I've had a few epiphanies about my life.
I need to take a serious breather from men. A full on GUY TIME OUT. I really liked Mr. Vintage Cowboy Boots but the second we made it official I was miserable. I realized that had absolutely nothing to do with him. I have a lot of things in my life that make me unhappy and nobody deserves to be with someone who can't even make themselves happy first. The added pressure of being in a relationship was just too much for me to handle. I never fully got over the ex and it was unfair for me to try and start another relationship when I am still trying to figure out why the last one ended.
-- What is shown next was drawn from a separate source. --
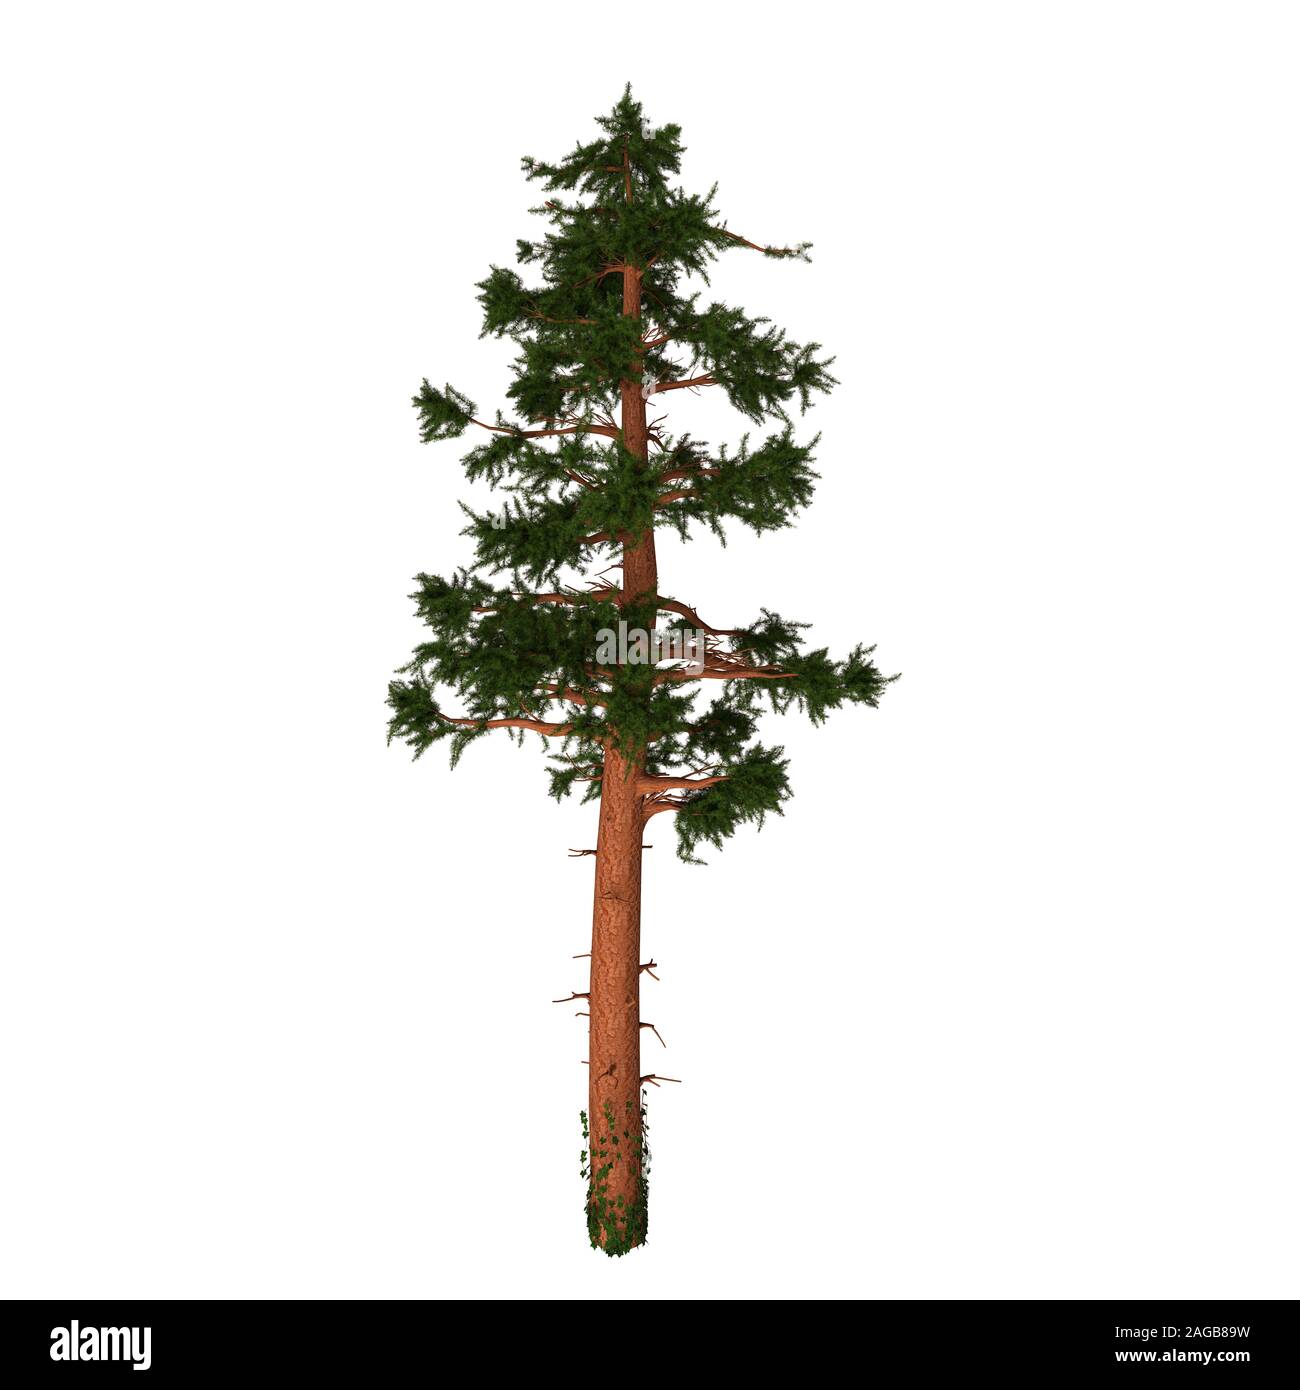 La California Red Fir ou Silvertip est un pin à feuilles persistantes de conifères arbre originaire de l'Oregon et de Californie en Amérique du Nord. Banque D'Images

You can't love someone new when you haven't stopped loving the last person you were with. I thought diving right back into dating would be a good distraction..but the truth is, a distraction is the last thing I need. I need to feel things. I need to cry, I need to love, I need to hate...etc. I have no real feelings. I lack the ability to deal with emotions when it doesn't involve punctuation. Mr. VCB actually tried to have a really sweet moment and instead of embracing it I literally said "I have to go to the bathroom" and he said "I'm sorry if I made you uncomfortable" Really?! What's wrong with me? In my head I want the perfect man with the fairy tale relationship but I am so cynical about love and life that I prohibit myself from an amazing life. Break up after break up I thought it was always the guys I chose to date. The truth is...I AM THE PROBLEM. If my heart isn't healed and open to love then how can I expect "love" to happen. You get what you give. If I continue to put my negative outlook into every relationship I have, I am going to continue to get a negative outcome.
So what now?
Do I change? Yes, but slowly and with caution. I have always been what everyone has wanted to me to be...it's time to be me. Seriously, oldest "come to Jesus" moment in the book, but it's true. I have to figure out what I want, who I am, what I like, and what I dislike. I don't want to loose myself completely but I want to get to know myself completely.
So this is the beginning of my self-imposed Guy Time Out.